Weekend marine forecast
Strong north winds and steep seas will continue through Friday, but it looks like seas will settle down over the weekend. On Friday, W winds will be 5 to 15 knots with N waves 8 feet at 8 seconds and W 7 feet at 14 seconds. Saturday’s forecast is calling for W winds 5 to 10 knots with NW swells 6 feet at 11 seconds. Sunday’s prediction is for N winds 5 to 15 knots with NW swells 6 feet at 9 seconds. These conditions can and will change by the weekend. For an up-to-date weather forecast, visit www.weather.gov/eureka/ or https://www.windy.com. To monitor the latest Humboldt bar conditions, visit www.wrh.noaa.gov/eka/swan. You can also call the National Weather Service at (707) 443-7062 or the office on Woodley Island at (707) 443-6484.
Big Halibut Contest
Eureka’s Englund Marine is once again holding their BIG FISH Halibut Contest. The annual event started May 1 and will run through October 31, 2020, or until the quota is reached. There is no entry fee and you can enter as many fish as you’d like. Fish do not need to be gutted and gilled. Prizes will be awarded to the top three fish. A complete list of rules and regulations are available at Englund Marine, 2 Commercial St., Eureka, 707-444-9266.

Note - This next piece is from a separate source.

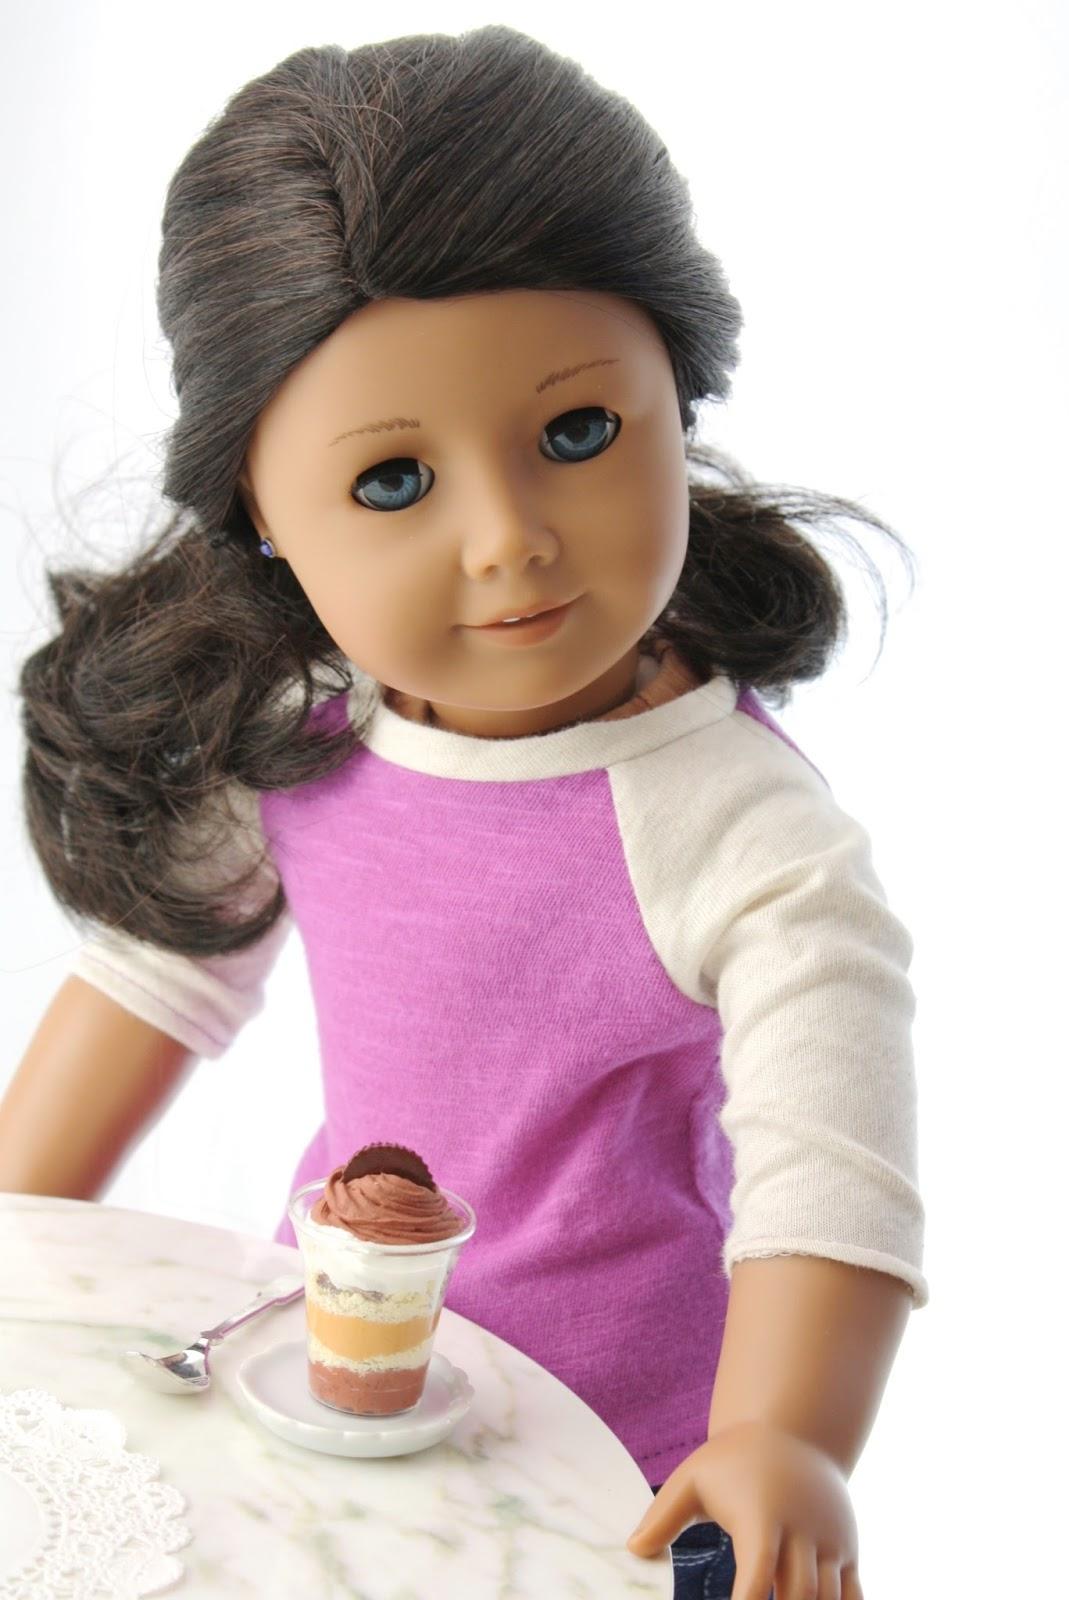 Pippaloo For Dolls: JANUARY MENU LIST

Ocean conditions were terrible over the weekend reports Tim Klassen of Reel Steel Sport Fishing. “We haven’t been out in a couple weeks, and conditions don’t look great heading into the weekend. Thursday is looking like the best day.”
Like the rest of the North Coast, Shelter Cove didn’t have much action over the weekend due to the wind according to Jake Mitchell of Sea Hawk Sport Fishing. He said, “It was very windy and hardly anyone was out. I think only two boats made it out for a while, and I heard they caught one salmon. Looks like we should be getting a little break from the wind this weekend.”

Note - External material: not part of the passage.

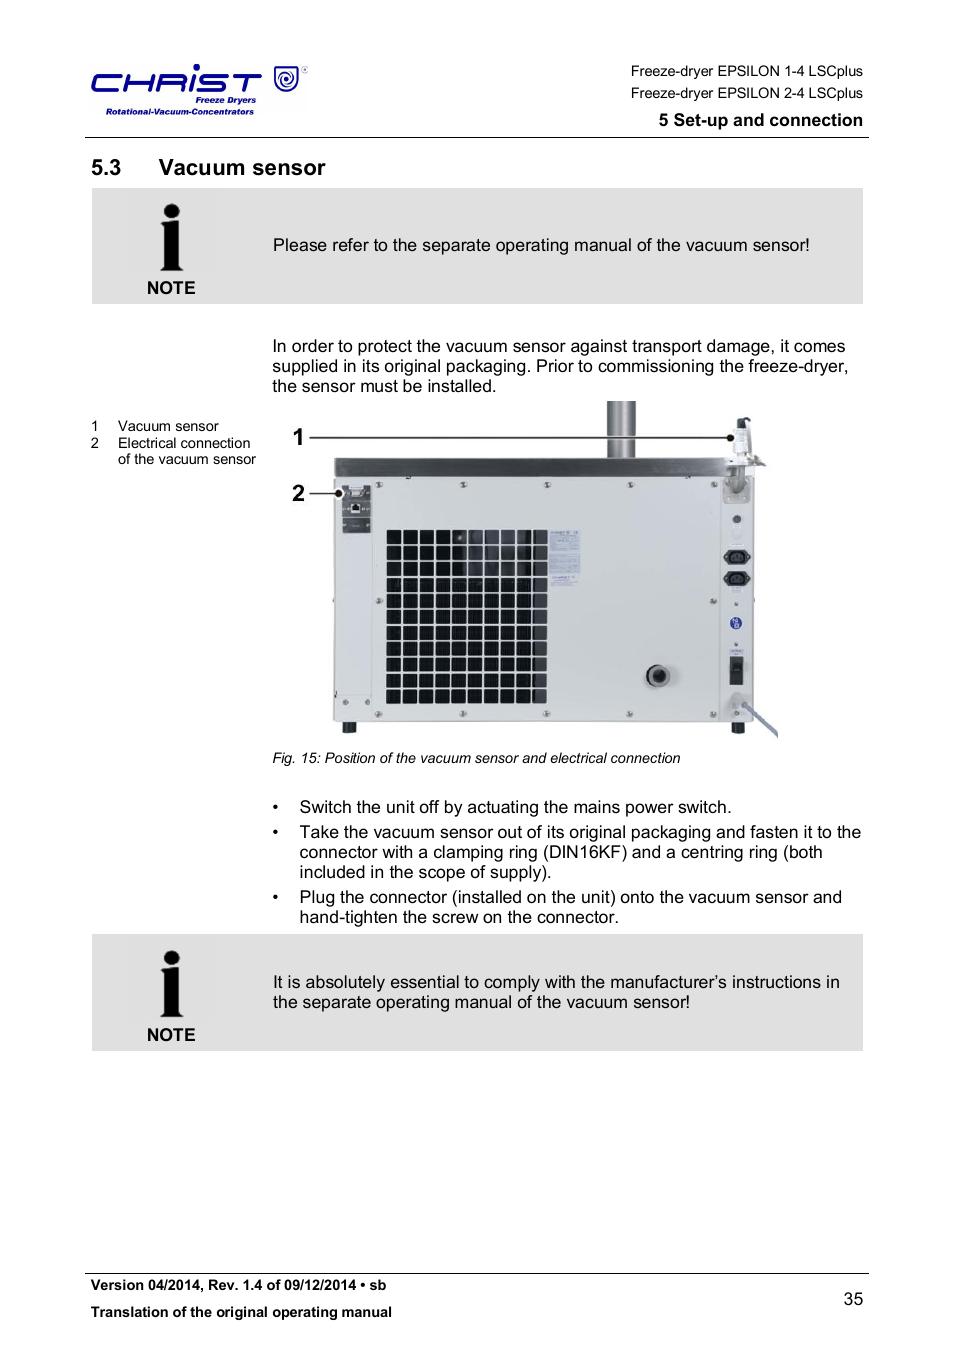 3 vacuum sensor | Martin Christ Epsilon 2-4 LSCplus User

“When the boats have been able to get out, the rockfish bite has been excellent,” said Britt Carson of Crescent City’s Englund Marine. “The weather wasn’t great over the weekend, but boats that went out came back with limits. There were also a couple Pacific halibut caught at South Reef using B2 squid. The California halibut are starting to trickle in, I heard a few were caught this weekend. The big news is there were several salmon caught and released recently. They were in close and some were caught off the lighthouse jetty. This is encouraging with our salmon season opener right around the corner,” Carson added.

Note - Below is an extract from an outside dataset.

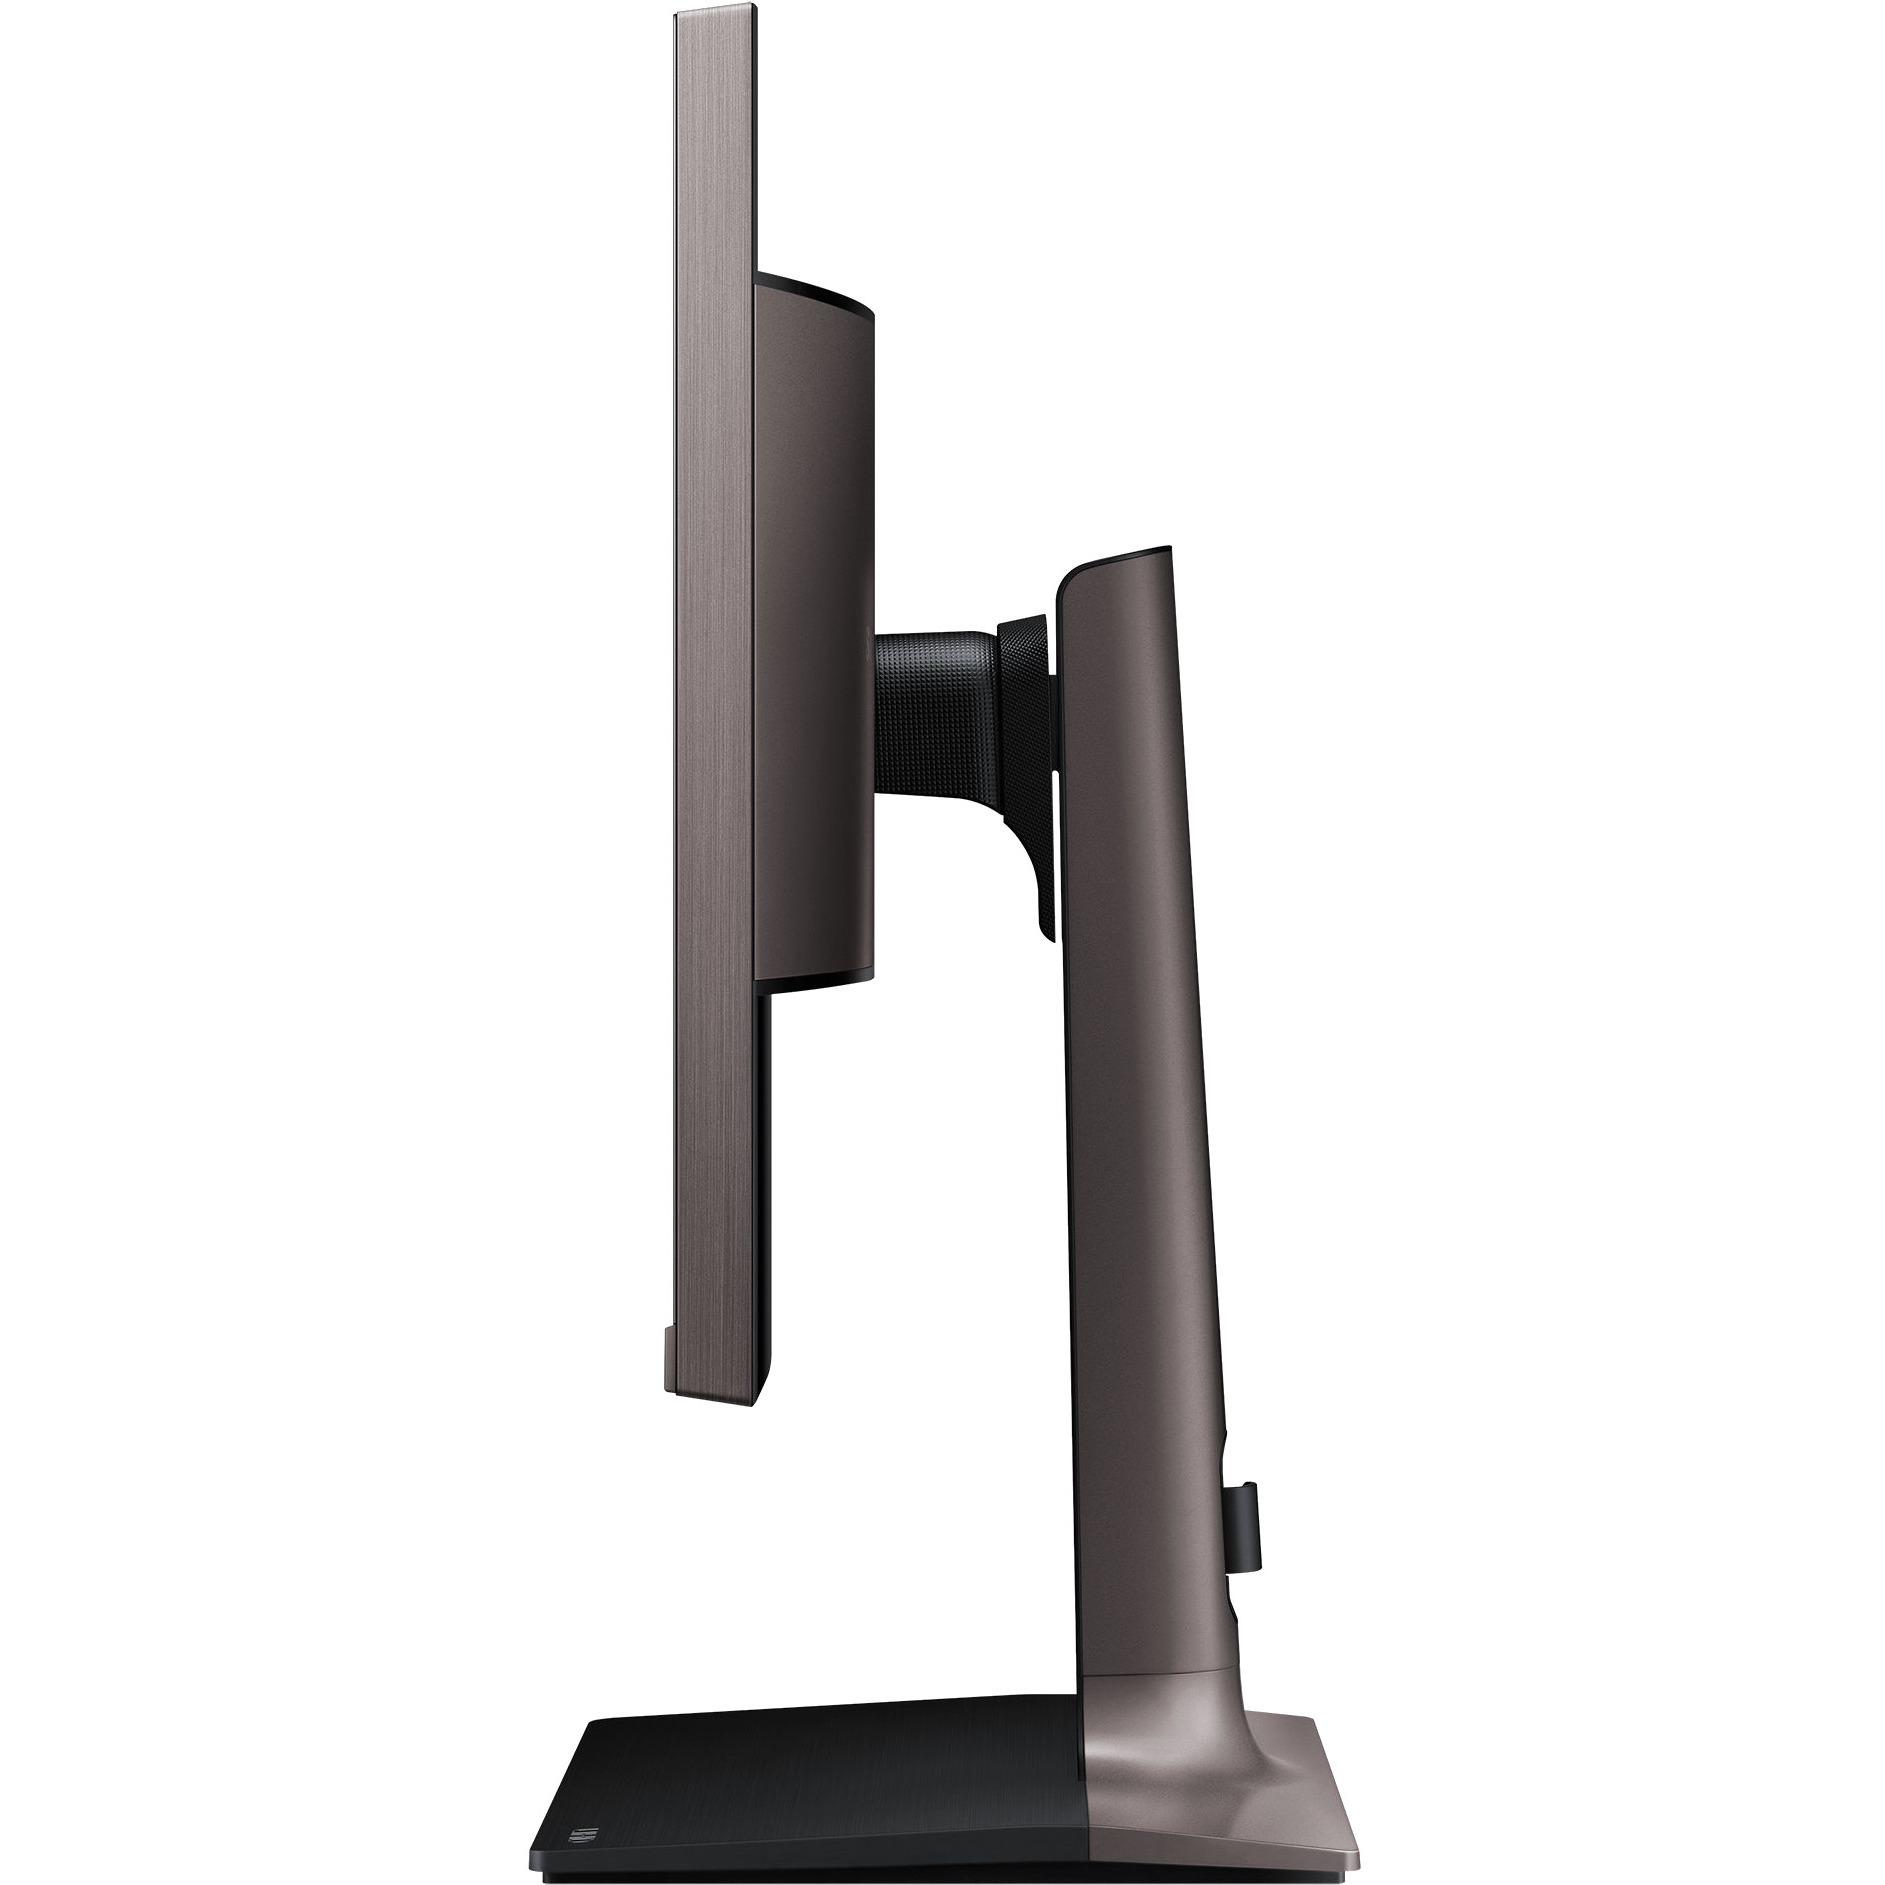 Samsung U28E850R 28inch 4k UHD Gaming Monitor

Lingcod and rockfish action remains very good out of Brooking reports Andy Martin of Brookings Fishing Charters. “Pacific halibut are being caught on calm days when boats can get offshore. Fishing is still slow for California halibut. Ocean salmon season opens June 20 out of Brookings,” added Martin.
According to Martin, spring salmon fishing improved a little on the lower Rogue last week, as more hatchery fish arrived. “Fishing remains slow, but anglers putting in their time are finding an occasional springer in the Elephant Rock area.”